FeNO has been described as classically representing allergic and eosinophilic airway inflammation in asthmatic patients, (Dweik et al. 2011) Ambient air pollution has been associated with increased FeNO in children with asthma in a number of epidemiologic studies. (Delfino et al. 2006; Liu et al. 2009; Mar et al. 2005) COPD is classically described as involving chronic neutrophilic rather than eosinophilic inflammation, yet we demonstrated FeNO responses specifically in a small subgroup with COPD within a panel study of elders from Steubenville, OH. (Adamkiewicz et al. 2004) In this Boston study of people with diabetes we found no effect modification either by asthma or COPD diagnosis, though sample size limited power to detect effect modification by diagnosis.

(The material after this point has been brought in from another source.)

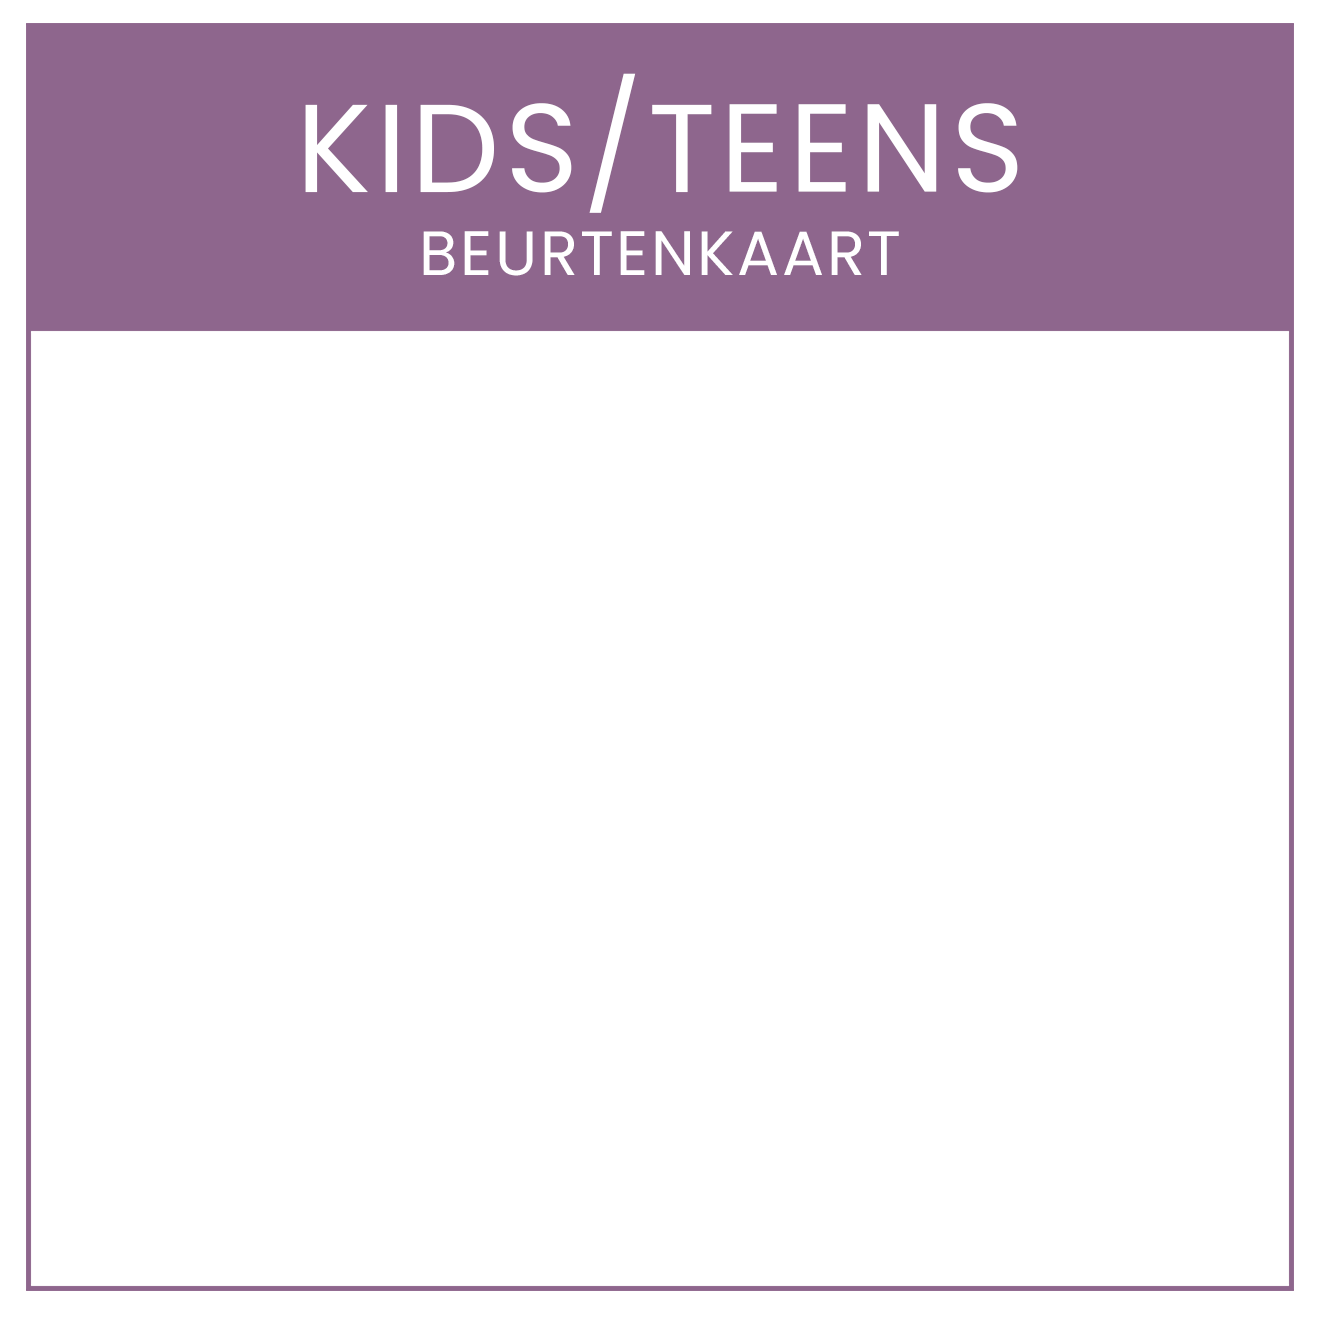 BEURTENKAART KIDS/TEENS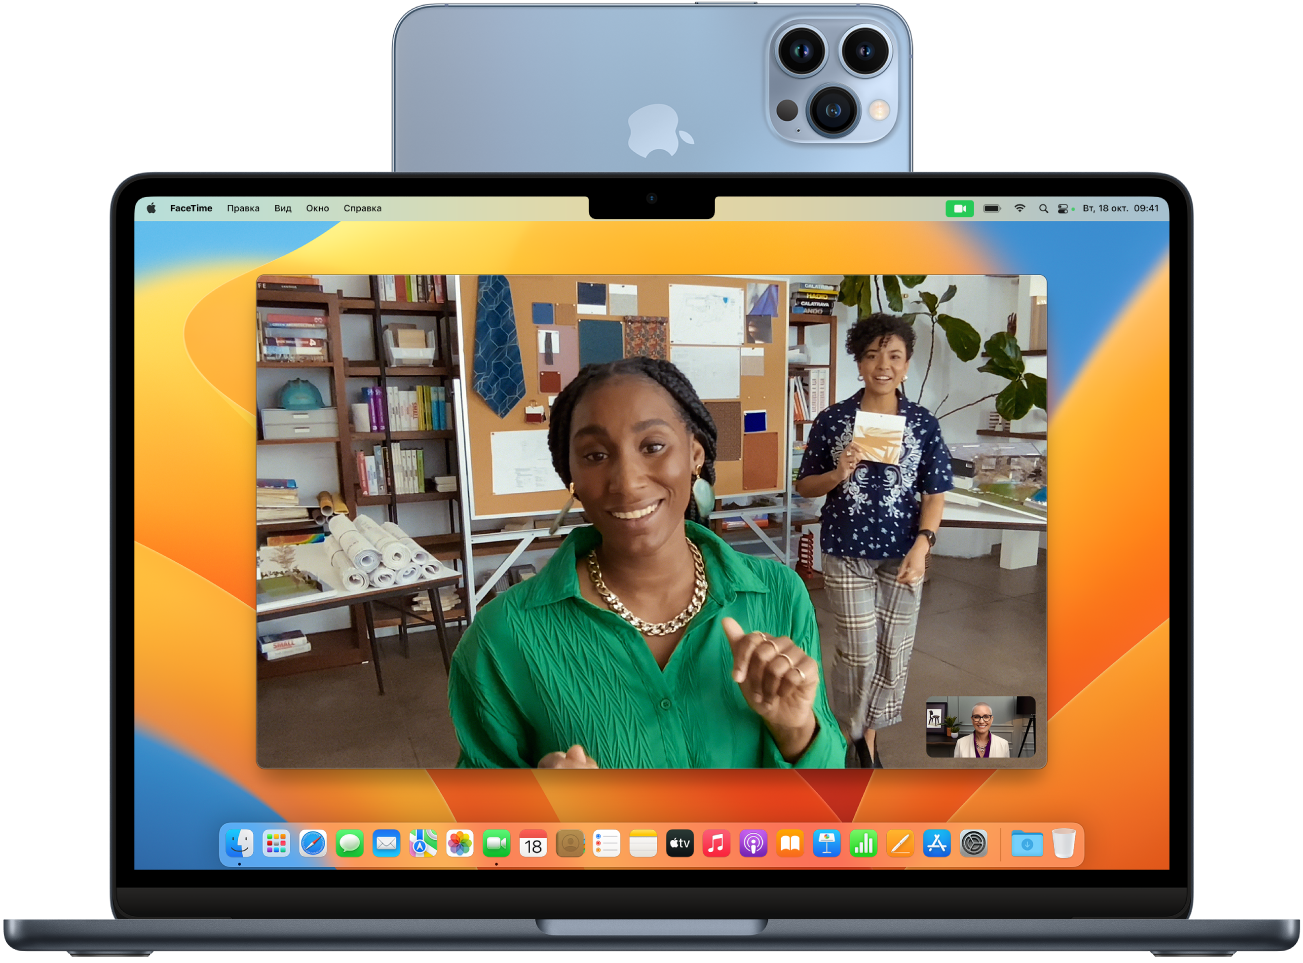 Компьютер Mac. К верхней части дисплея прикреплен iPhone, который используется в качестве веб-камеры. Изображение с камеры iPhone выведено на дисплей Mac.

The underlying chronic inflammation in people with T2DM is well-known to involve non-IgE mediated pathways with pro-inflammatory innate and adipokine-related cytokines. (Gold 2008) While one 2009 review suggested use of FeNO as well as other biomarkers in evaluation of inflammation in people with T2DM, (Maniscalco et al. 2009) we found only two small case reports in the literature, both focused on medication effects on inflammation. (Sexton et al. 2014; Yalcin et al. 2014) Neither report, one on anti-IgE (2 subjects) (Yalcin et al. 2014) and the other on metformin (17 participants) administration, (Sexton et al. 2014) demonstrate changes in FeNO with medication administration, but these studies are limited and their design and study population differ from that of our study. In a St. Louis panel study of elders we showed that diabetes, obesity and hypertension increased vulnerability to the systemic inflammatory effects of air pollution. (Dubowsky et al. 2006) Our study suggests that people with T2DM, who have underlying non allergic inflammation, are vulnerable to the pulmonary inflammatory effects of pollution, and that FeNO can be a useful marker of this response.
This study is funded by NIEHS PO1 ES-09825, NIEHS R21 ES-020194-01, US EPA RD-83241601, US EPA RD-83479801. The contents of this publication are solely the responsibility of the grantee and do not necessarily represent the official views of the US EPA. Further, US EPA does not endorse the purchase of any commercial products or services mentioned in the publication. The authors are grateful to all participants of the study and the staff responsible for data collection.
CONFLICT OF INTEREST
None of the authors has any actual or potential competing financial interests.